COLLECTED MATERIAL:
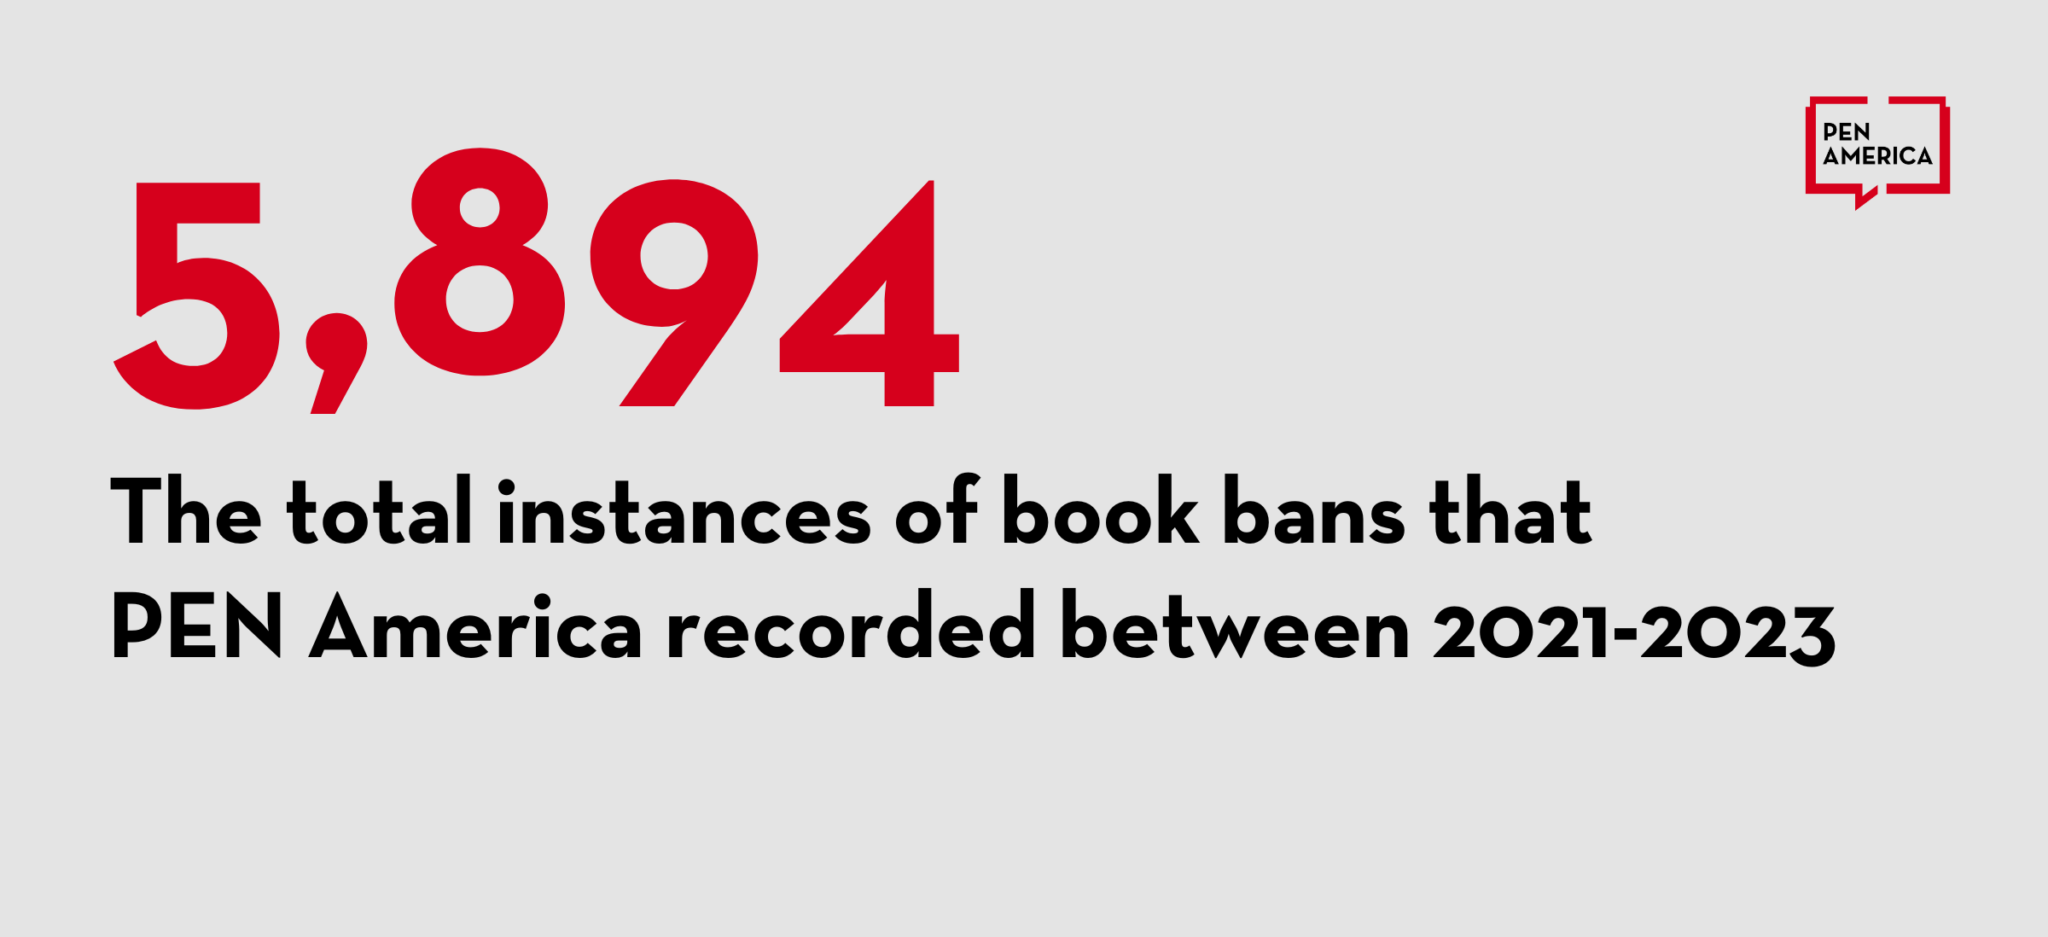 PEN America Releases New Data and Analysis on Two Years of Book Banning
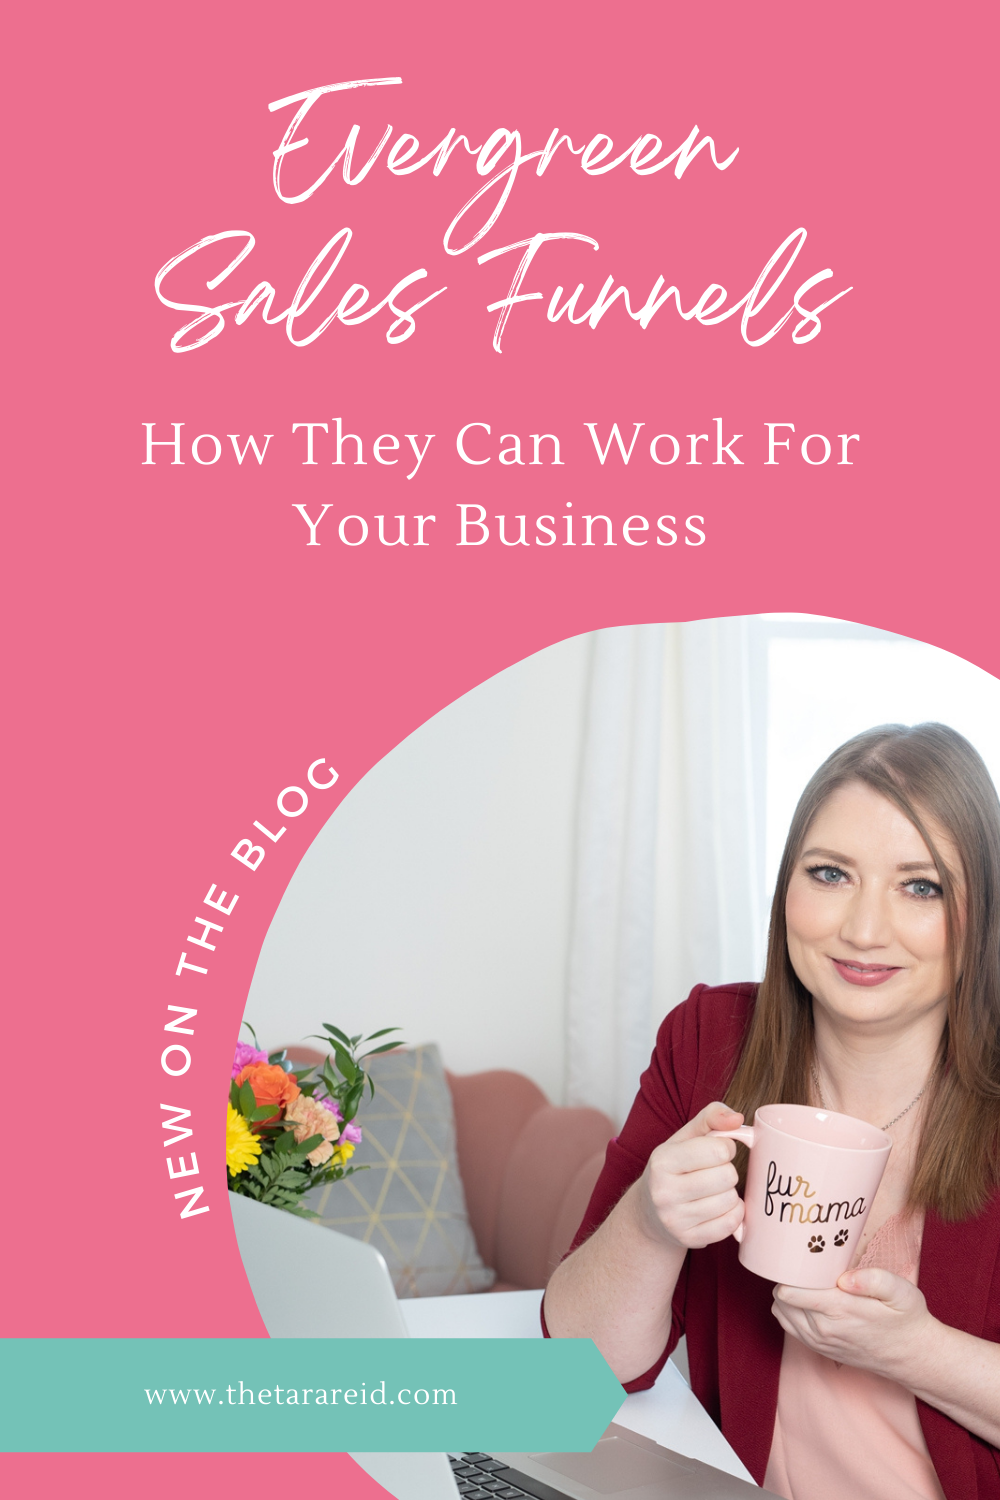 Evergreen Sales Funnels - How They Can Work For Your Business
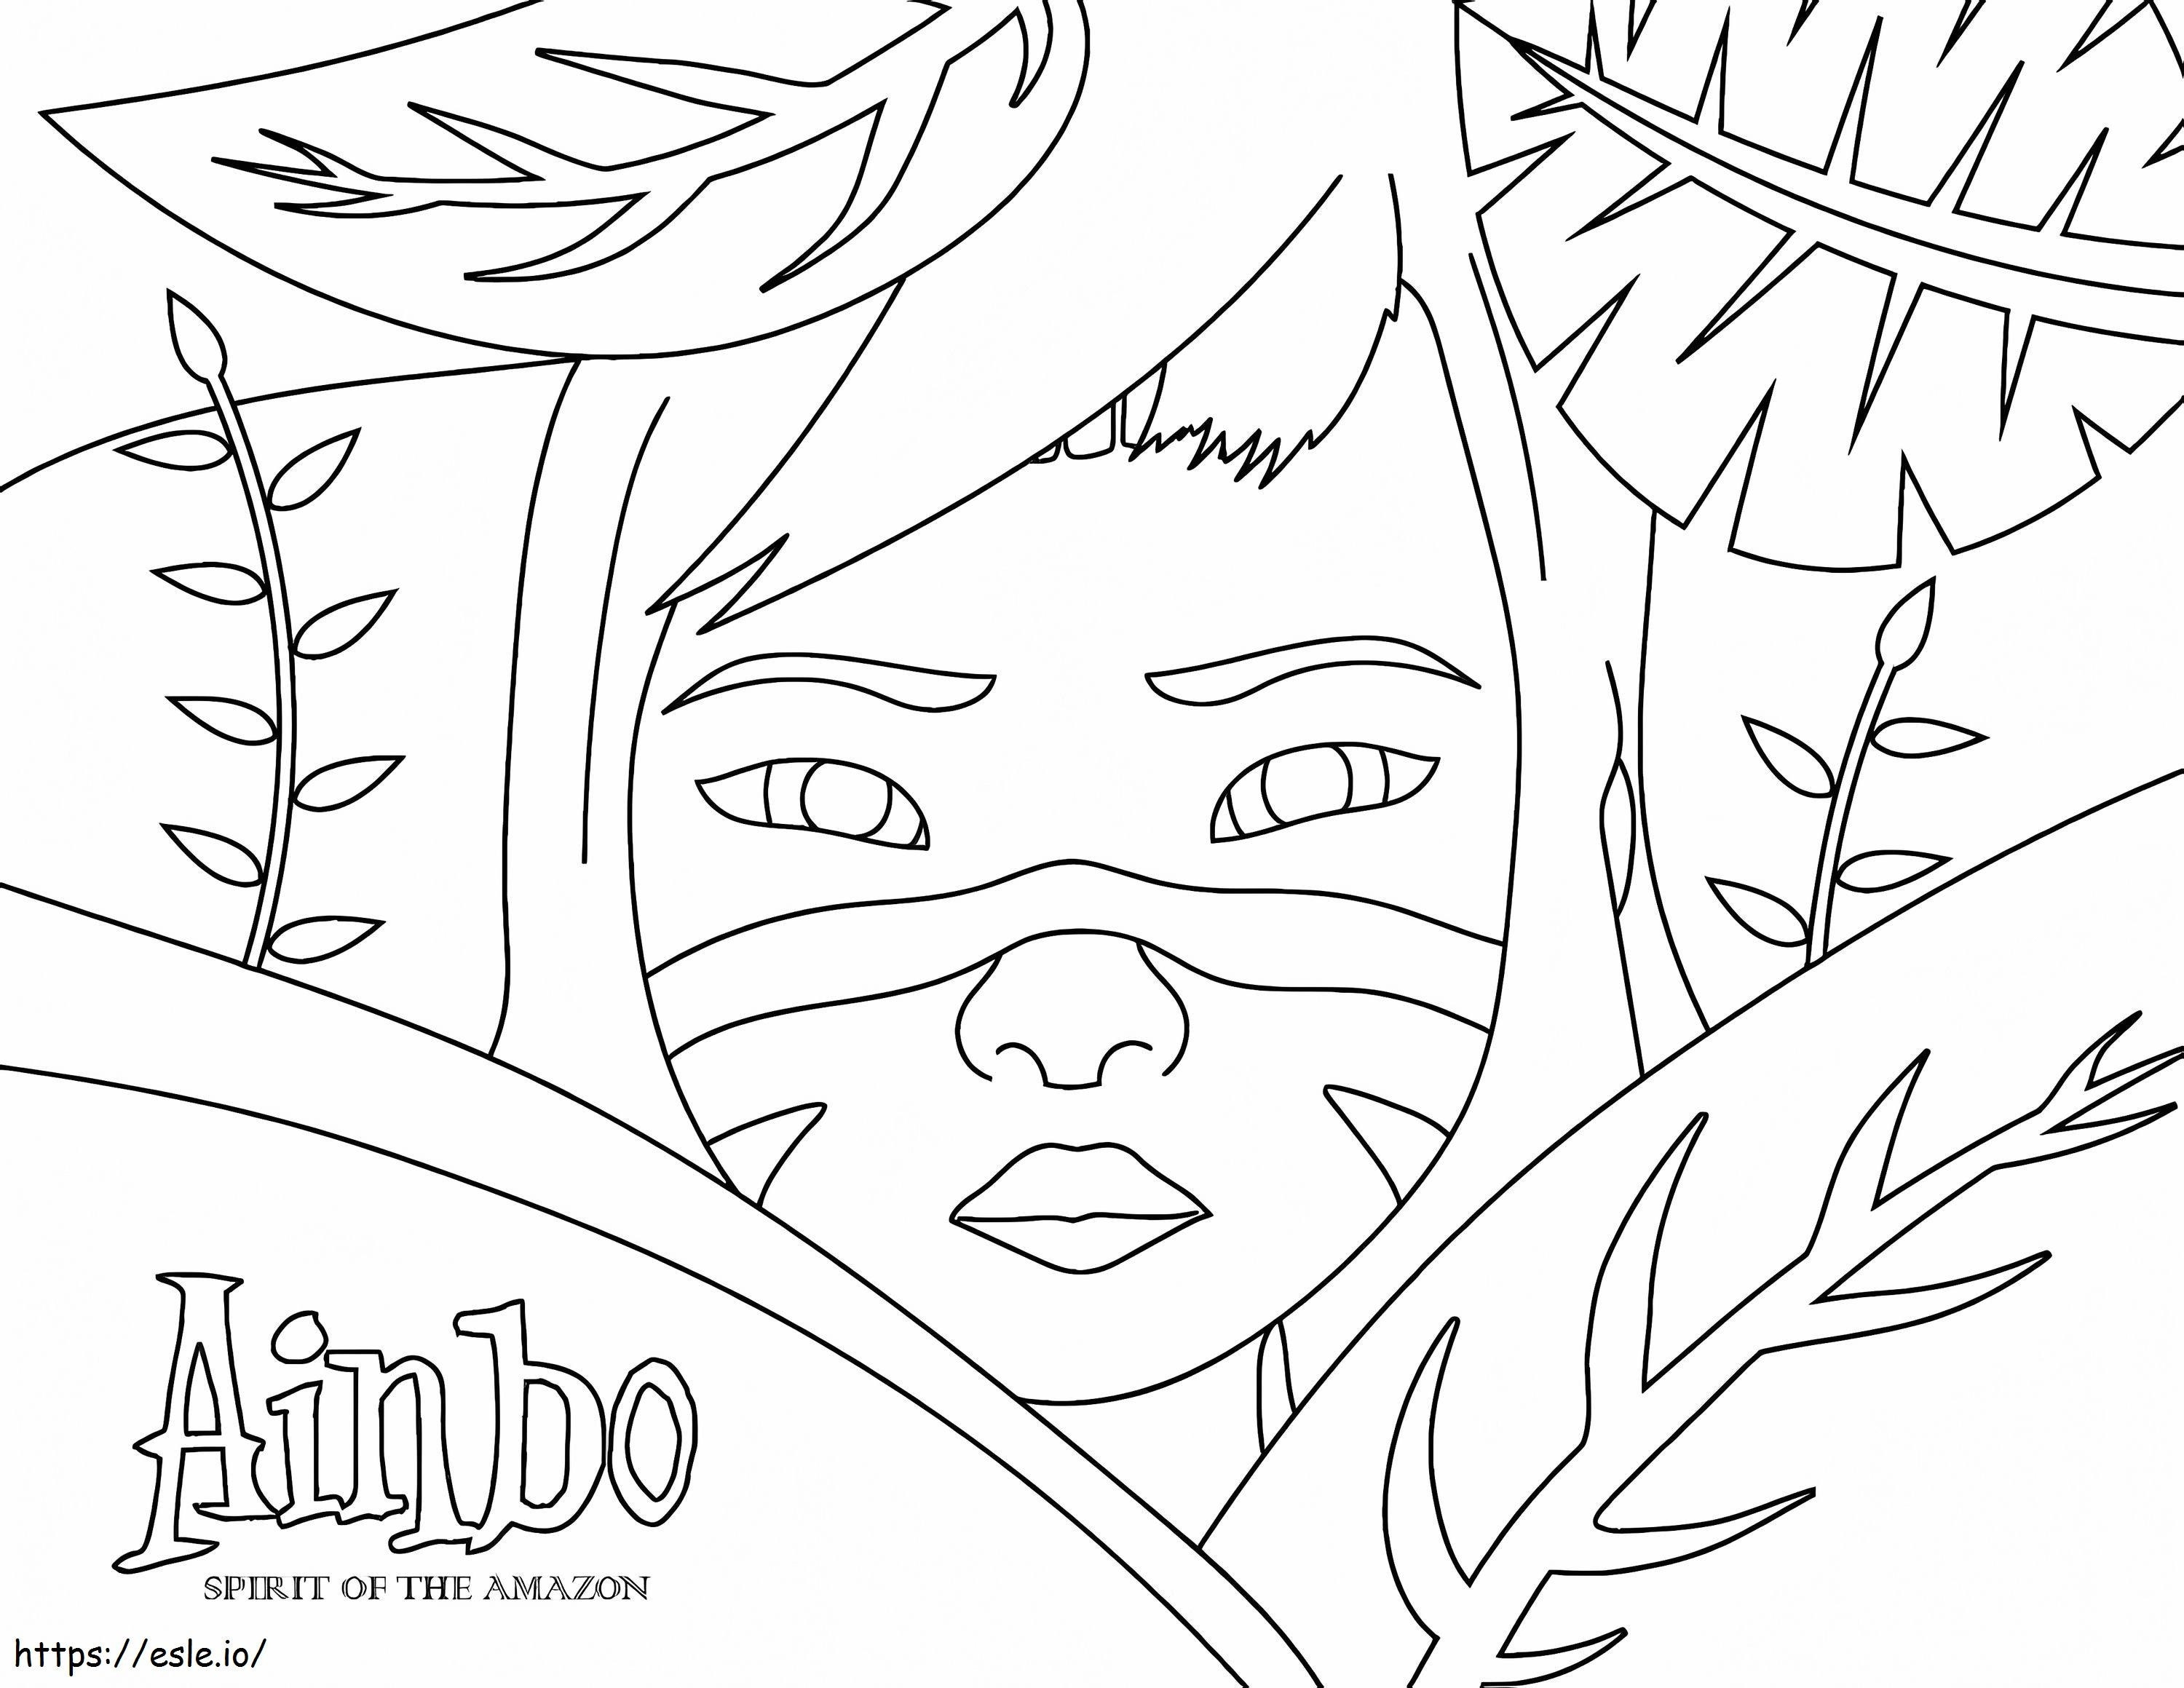 Cool Ainbo coloring page

WHAT IS NEEDED:
Go through the listing above and write it all out exactly, leaving out any picture.

RESULT FOR THIS EXERCISE:
 PEN America Releases New Data and Analysis on Two Years of Book Banning
 Evergreen Sales Funnels - How They Can Work For Your Business
 Cool Ainbo coloring page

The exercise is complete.